The bad news is that, barring a radical turning of the cultural tide in the next 10 years, Christian schools (all the way down to elementary education) will face increasing pressure to conform or else. The good news is that we can set our own course by choosing to do what is right. And if we will honor and uphold God’s principles, He will bless the labor of our hands.
Eventually, either those opposing us will blink first, or we will establish something new and better that displaces the old system. After all, weren’t schools like Harvard and Yale and Princeton and many others all founded by Christians?
What is interesting is that Rod Dreher and I agree on the urgency of the hour, recognizing how sickly the patient (our nation!) is right now. But we differ on the prescription for the patient, he in his book The Benedict Option and me in Saving a Sick America.

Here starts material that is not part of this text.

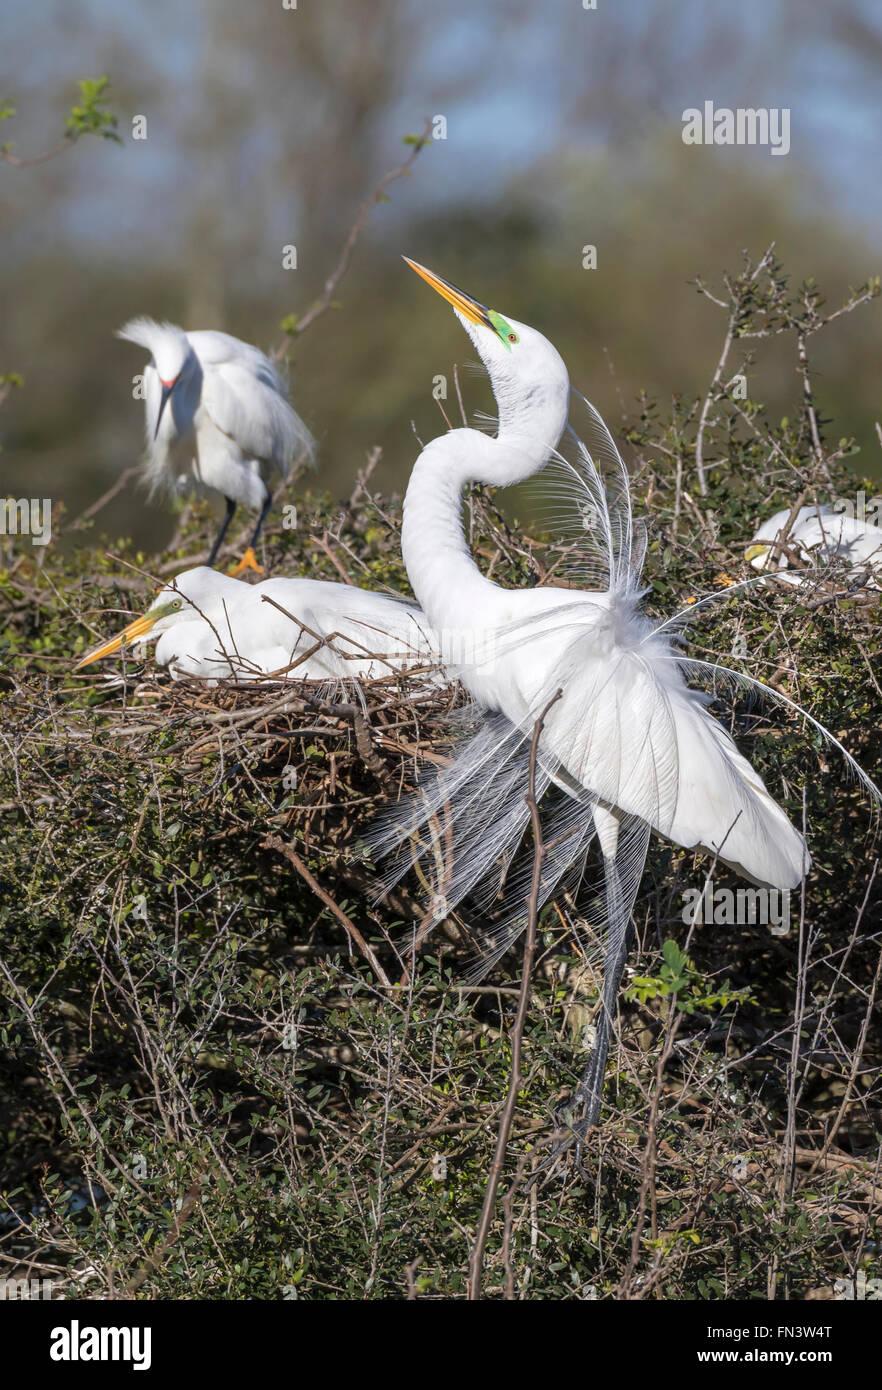 Great egret (Ardea alba) displaying the breeding plumage at rookery, High Island, Texas, USA - Stock Image

He writes in his book, “Could it be that the best way to fight the flood is to . . . stop fighting the flood? That is, to quit piling up sandbags and to build an ark in which to shelter until the water recedes and we can put our feet on dry land again? Rather than wasting energy and resources fighting unwinnable political battles, we should instead work on building communities, institutions, and networks of resistance that can outwit, outlast, and eventually overcome the occupation.”
Yet his recent articles, focusing on the predicament of Christian schools, remind us that we must fight the flood today. Do we really have a choice?
So, while Dreher calls us to retreat and rebuild, I believe we must do the opposite, shining ever more brightly in the heart of the darkness and refusing to bow down to the pressure of the world, fortified by our faith in God.
The only question is: Will we? That is a question Christian educators cannot avoid.